ValueError – If some input signal-related parameters are not specified: and can not be inferred.

Notes

If some input signal-related parameters are not specified, there will be an attempt to infer them from the other parameters.

Hugging Face Hub integration

When the optional huggingface_hub package is installed, all models automatically gain the ability to be pushed to and loaded from the Hugging Face Hub.

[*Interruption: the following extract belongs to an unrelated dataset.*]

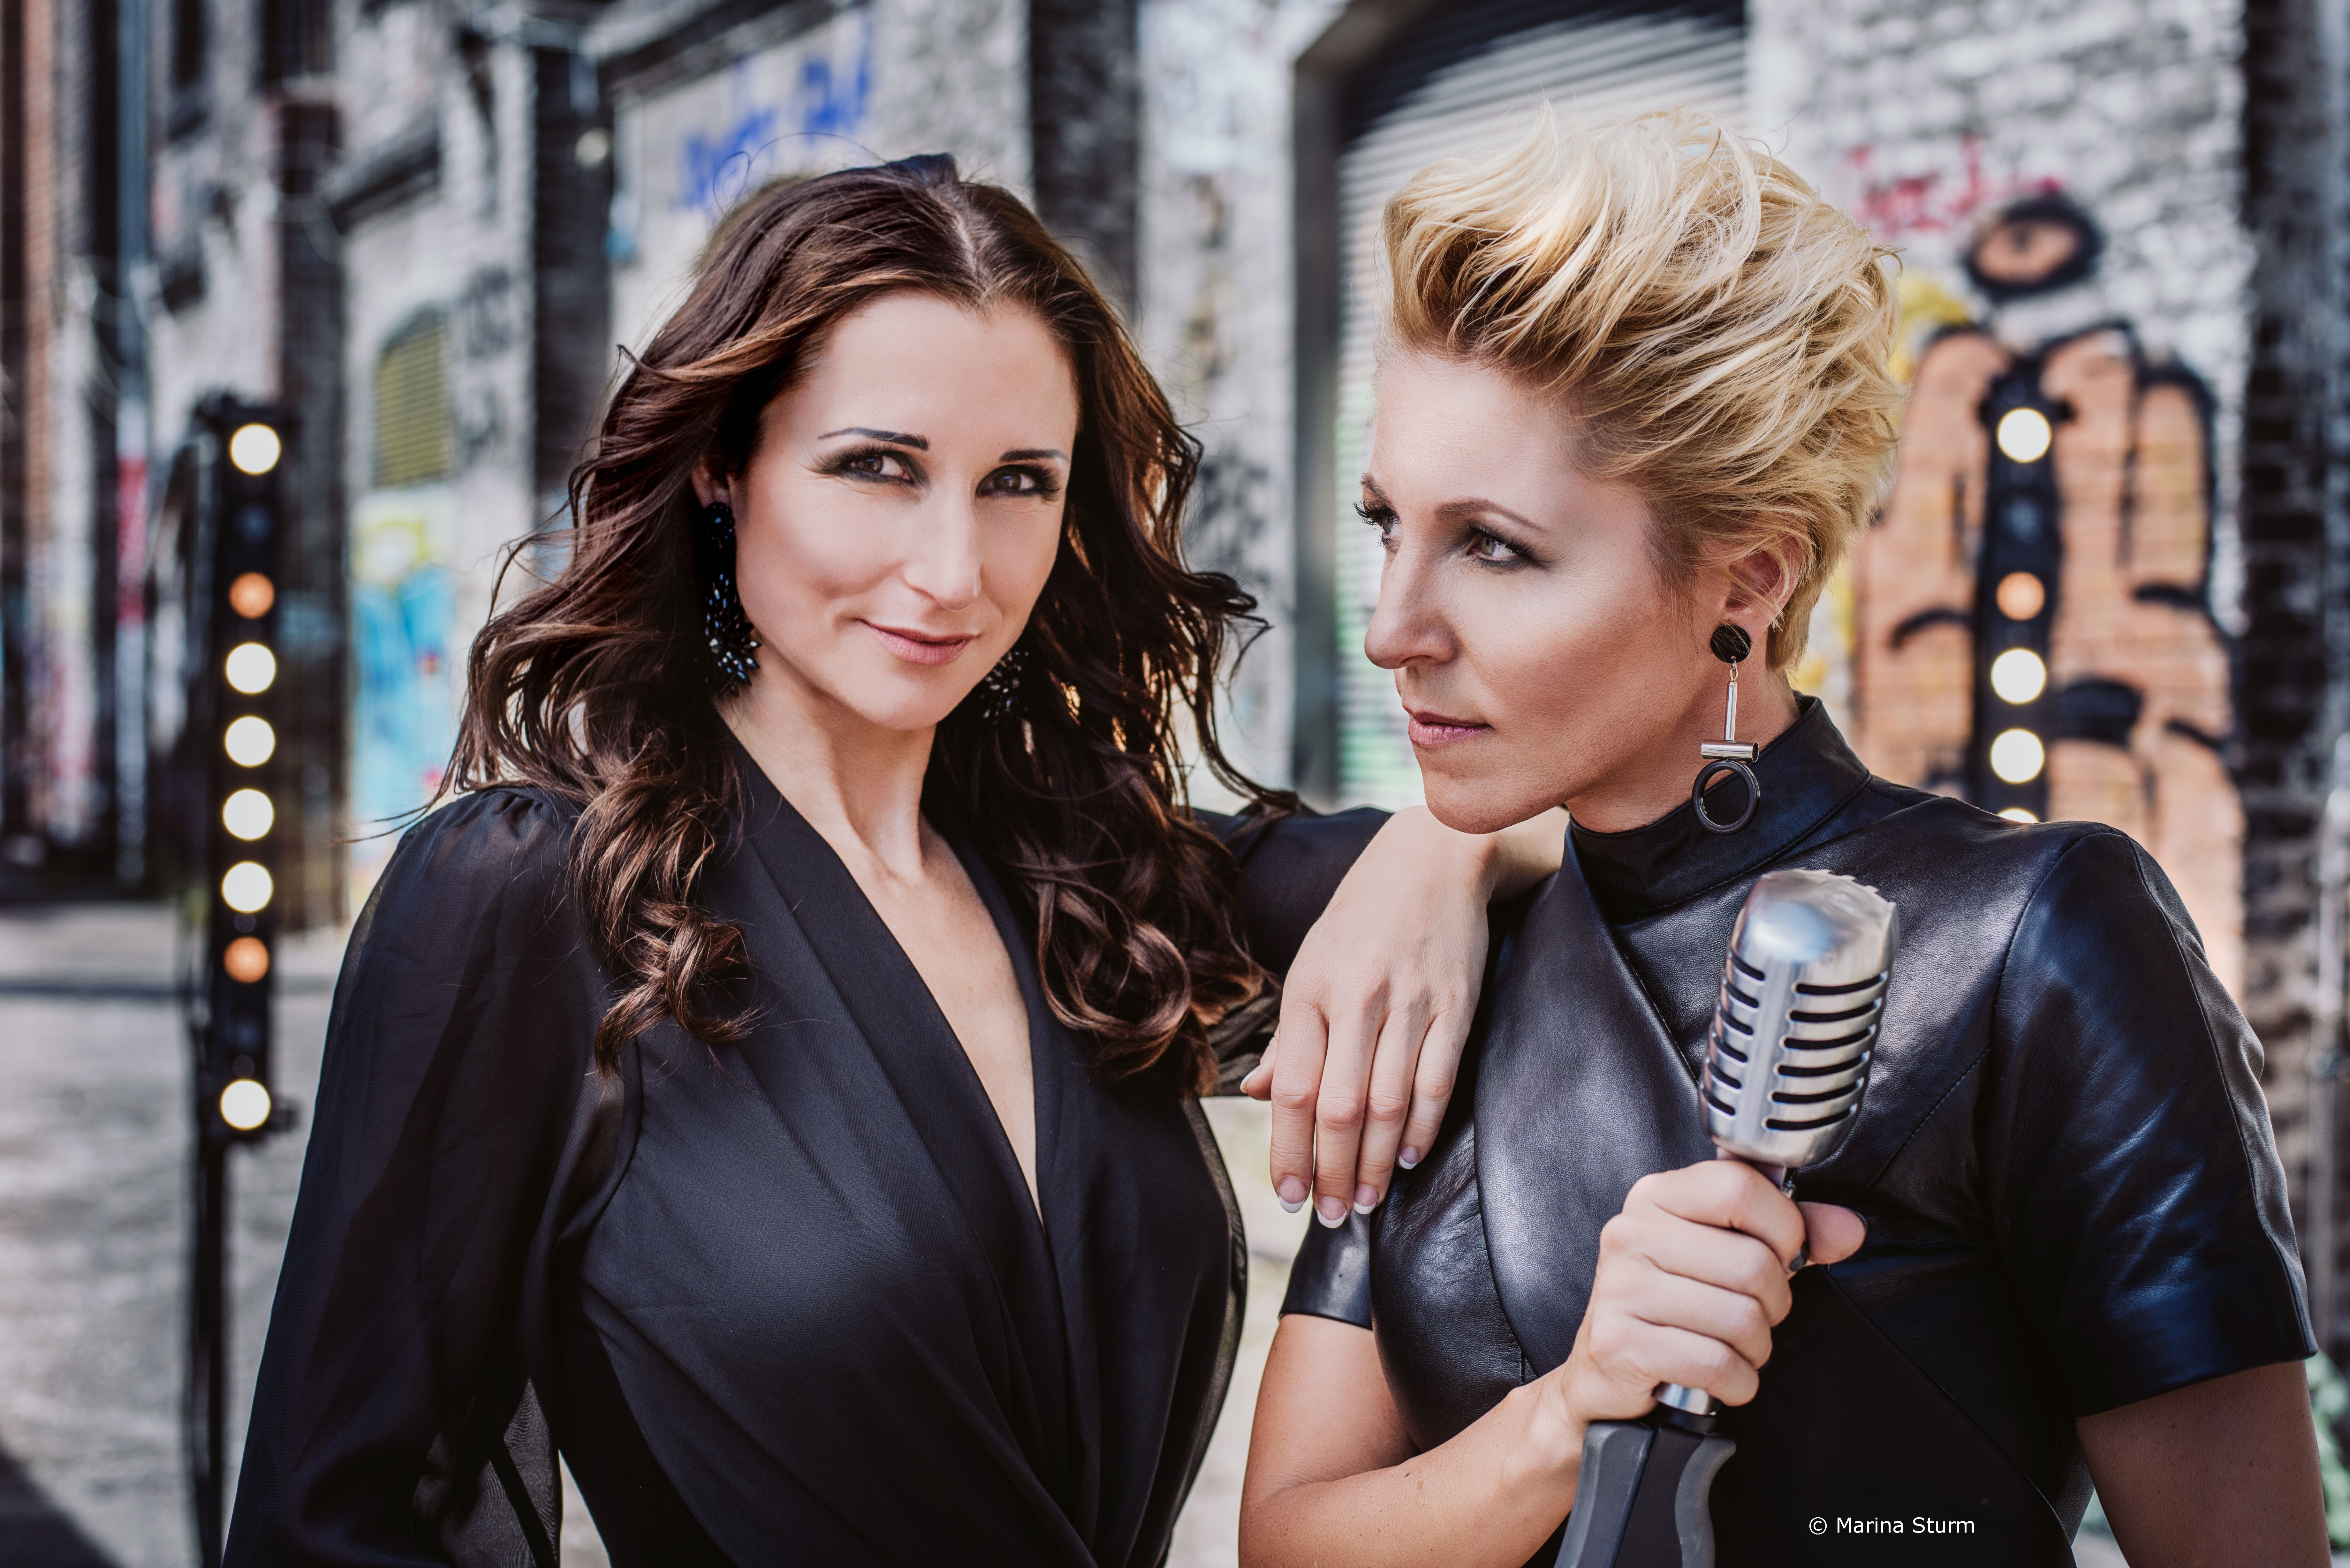 Ww-Terminator: 30 Jahre Leidenschaft - Antia & Alexandra Hofmann - Stadthalle Beverungen - Beverungen

Install with:

pip install braindecode[hug]

Pushing a model to the Hub:

from braindecode.models import EEGNetv4

# Train your model
model = EEGNetv4(n_chans=22, n_outputs=4, n_times=1000)
# ... training code ...

# Push to the Hub
model.push_to_hub(
    repo_id="username/my-eegnet-model", commit_message="Initial model upload"
)

Loading a model from the Hub:

from braindecode.models import EEGNetv4

# Load pretrained model
model = EEGNetv4.from_pretrained("username/my-eegnet-model")

The integration automatically handles EEG-specific parameters (n_chans, n_times, sfreq, chs_info, etc.) by saving them in a config file alongside the model weights. This ensures that loaded models are correctly configured for their original data specifications.

Important

Currently, only EEG-specific parameters (n_outputs, n_chans, n_times, input_window_seconds, sfreq, chs_info) are saved to the Hub. Model-specific parameters (e.g., dropout rates, activation functions, number of filters) are not preserved and will use their default values when loading from the Hub.

To use non-default model parameters, specify them explicitly when calling from_pretrained():

model = EEGNet.from_pretrained("user/model", dropout=0.3, activation='relu')

Full parameter serialization will be addressed in a future update.

References

[Supratak2017]

Supratak, A., Dong, H., Wu, C., & Guo, Y. (2017). DeepSleepNet: A model for automatic sleep stage scoring based on raw single-channel EEG. IEEE Transactions on Neural Systems and Rehabilitation Engineering, 25(11), 1998-2008.

Methods

forward(x)[source]#

Forward pass.

Parameters:: x (torch.Tensor) – Batch of EEG windows of shape (batch_size, n_channels, n_times).